Max: Do you find a guitar sound and then start cutting song to song, or do you focus on one song at a time?

Dave: We were trying to focus on a different guitar sound for each song, buut it turned out that every individual guitar track ended up getting manipulated one way or another with different mikes, different mic plcaements, different settings, etc. We had so many fucking guitars in that studio, but use the Marshall and the [Les Paul] gold top a lot anyway.

Max: Speaking of studio sound, what did you learn from your session with Puffy Combs?

Dave: I'm not sure I learned anything at all, other than that it's two entirely different scenarios. AT one point I sat in front of this drum sequencing sample thing and kyboard andd I was joking with the engineer. I said, "So this is all you really need to make a record anymore, isn't it?" He says, "Yeah." I had to ask him if he was serious. Then he started listing off all the albums and these singles you've seen on MTV that were made wit just this one keyboard and this one Tascam drum-sequencing, sampler kind of thing.

Max: So why did he need you?

Dave: Because they wanted rock man, real rock. I put drums down, I put guitars down, distorted basses, wah pedals, whammy pedals and delay pedals and all this other shit.

Max: The real thing.

Dave: The real thing indeed. It was fun.

Max: But a one-time deal?

Dave: Yeah, I didn't join Puffy's band.

Max: I understand you got to play with Krist NOvoselic again recently at the Bumpershott festival in Seattle.

Dave: It was kind of a surprise.

Max: Was it weird?

Dave: No, it was great---exactly how it should have been. I think everybody expected us to be together back on stage one day with Bob Dylan or fucking Neil Young or something like that. And instead, me and Pat go out playing "Purple Rain," joking around. We were getting the audience to sway back and forth and sing. Then I throw down the guitar and get up to the drum, and then Krist runs out to grab the bass. We played "Purple Rain" for like five minutes. It was just hilarous.

Max: How often do you find yourself considering people's post-Nirvana expectations.

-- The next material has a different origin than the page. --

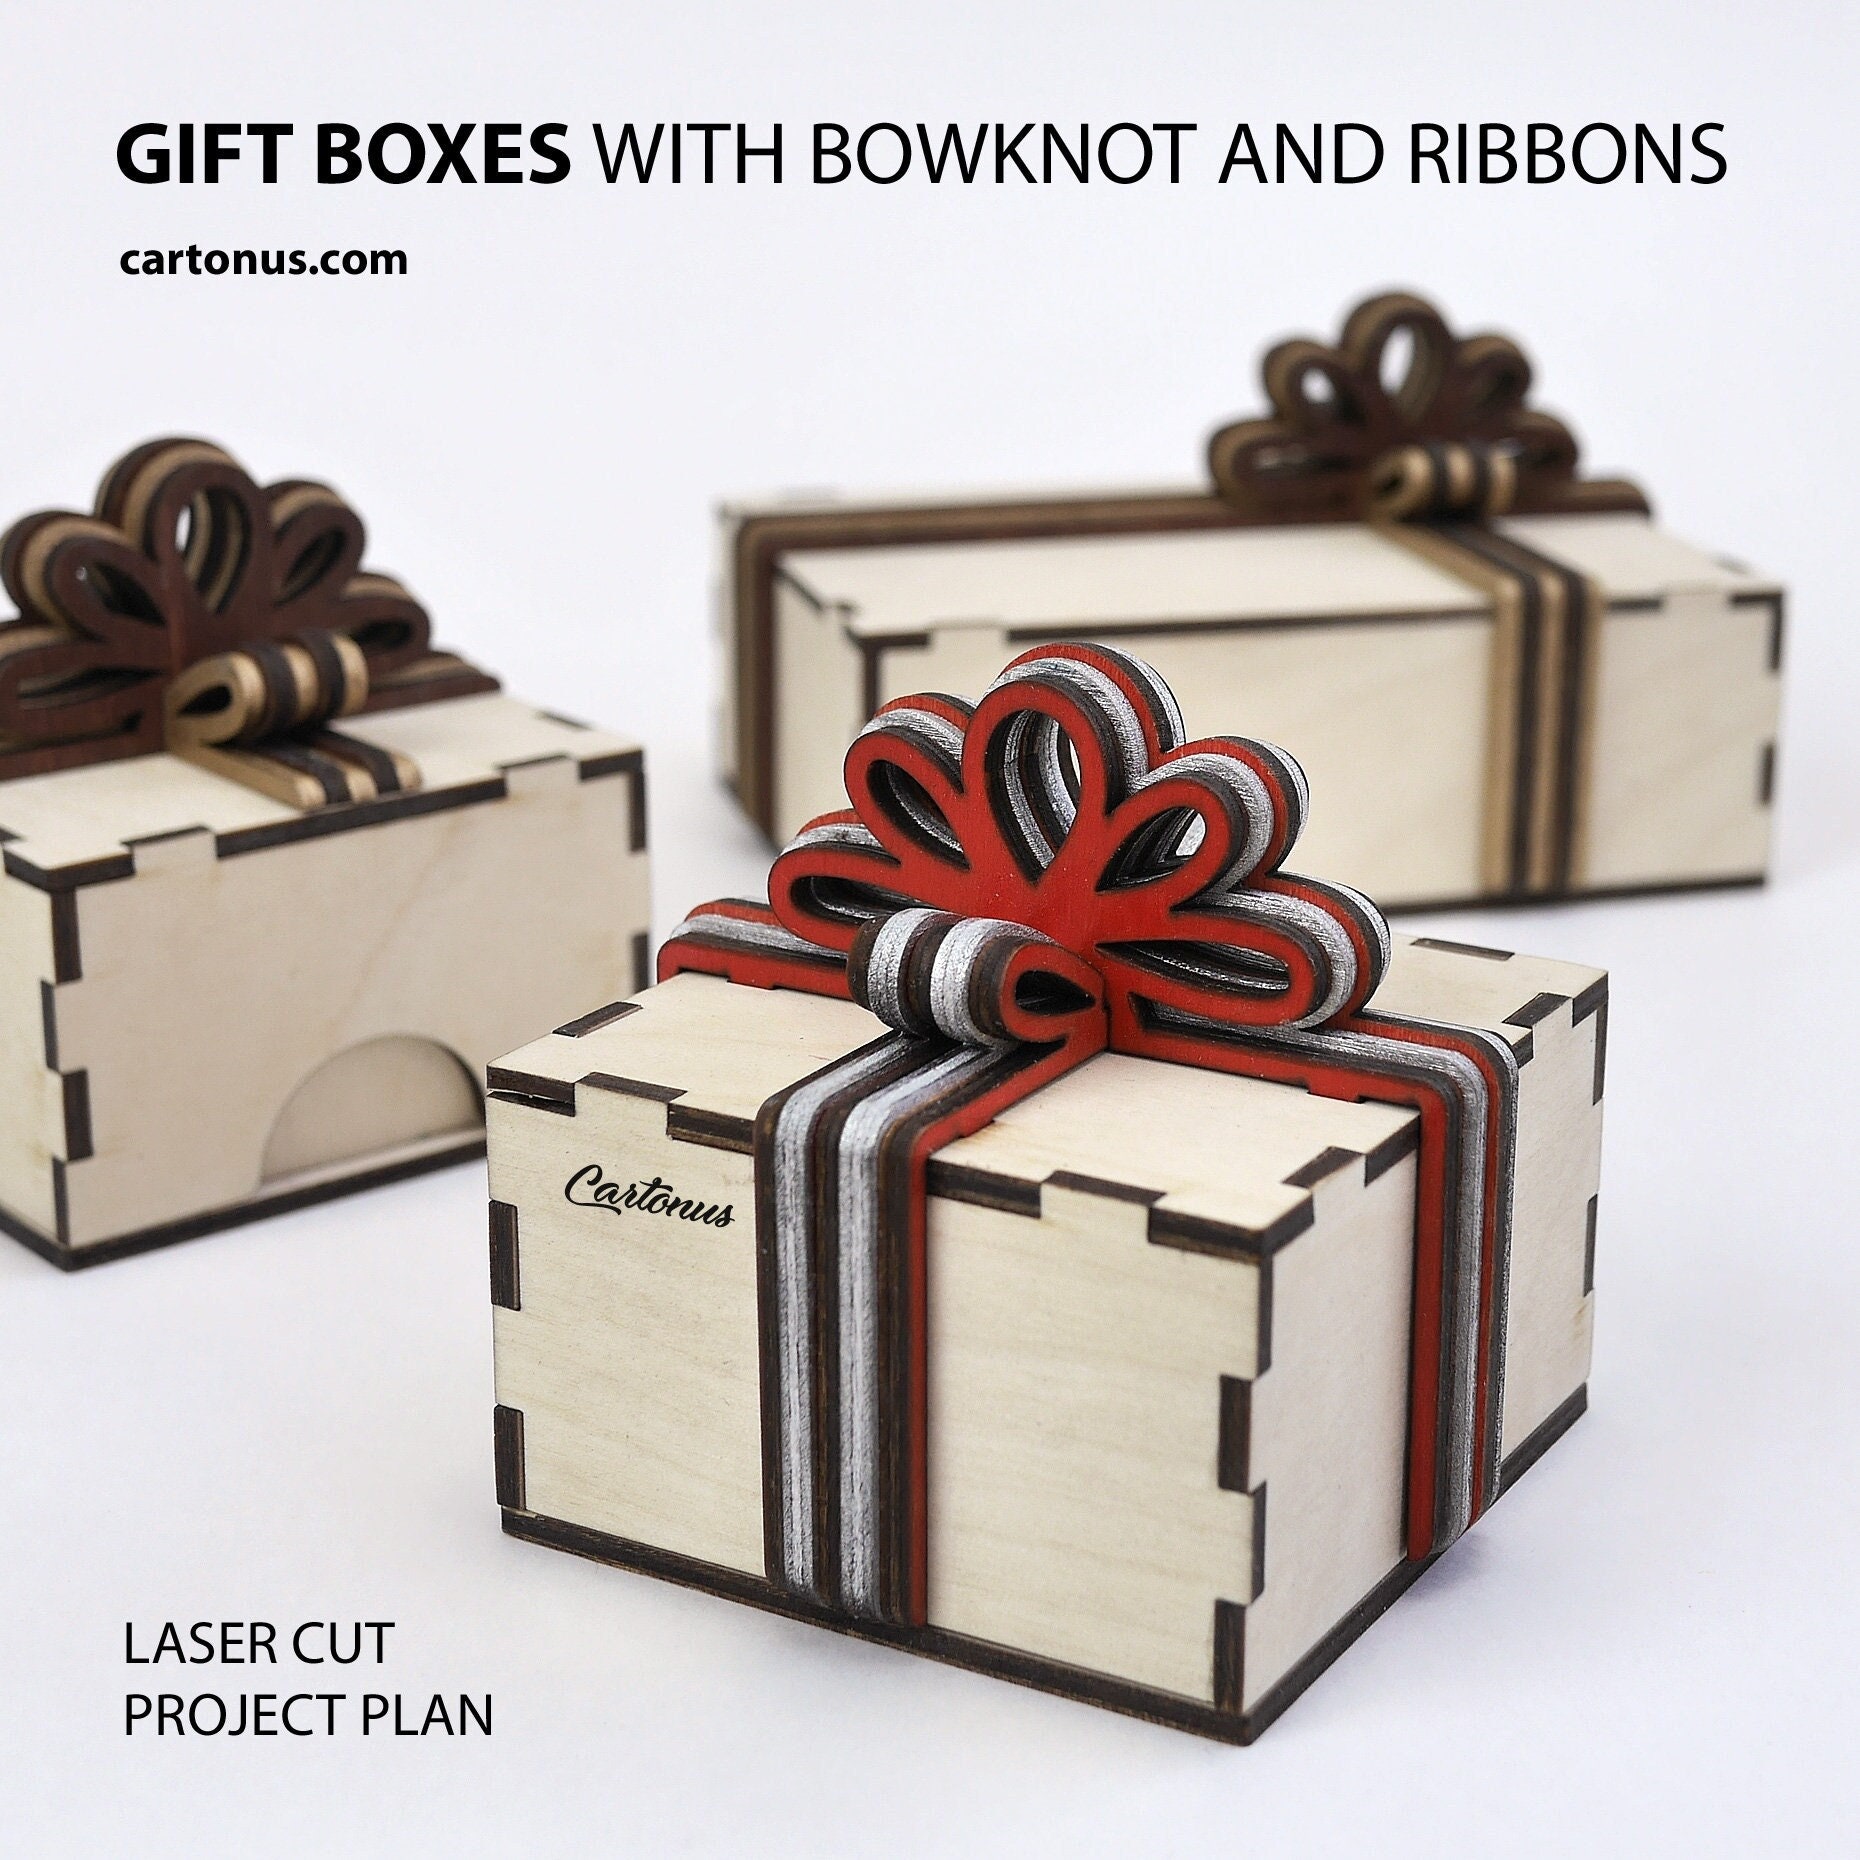 Wooden Ribbon Bow Maker DIY Bowknots Tutorial Birthday Wedding Valentine Christmas Holiday Gifts Wrapping Wreath Brim Decorative Bowknots Making Tool

Dave: I really could give a shit. Not really often at all. I don't feel like I have to be in the biggest band in the world, because I feel like I was for a minute. I don't do this for that; I do it for all of us. We're this happy little tour circus family, and it's fun. There's a lot more expectations and pressure that comes from within the band. Like with this record, we did actually feel like we had something to prove, but it was to ourselves---that's the biggest motivation. It's just that we hadn't been in the sutdio yet, maybe just once or twice for a day at a time, and we'd been looking toward to making this album for a year and a half. So we really wanted to make it great.

Max: And now that starts again with a new band.

Dave: Right. Now it's the same thing; we'll be touring for probably the next year, and we'll be writing songs. We've already worked on one or two new songs, and by the time we get the end of touring again we'll be ready to go in the studio and get excited all over again. NOw we've got Taylor, one of the most amazing drummers, I've ever seen, and Franz. Franz is a great songwriter and Taylor plays piano and writes as well. So the next albums' going to be this fucking freakout. Who knows what's going to happen? Maybe I'll be playing drums, Taylor will be singing, and Franz will be piano and accordion. It's going to be nuts.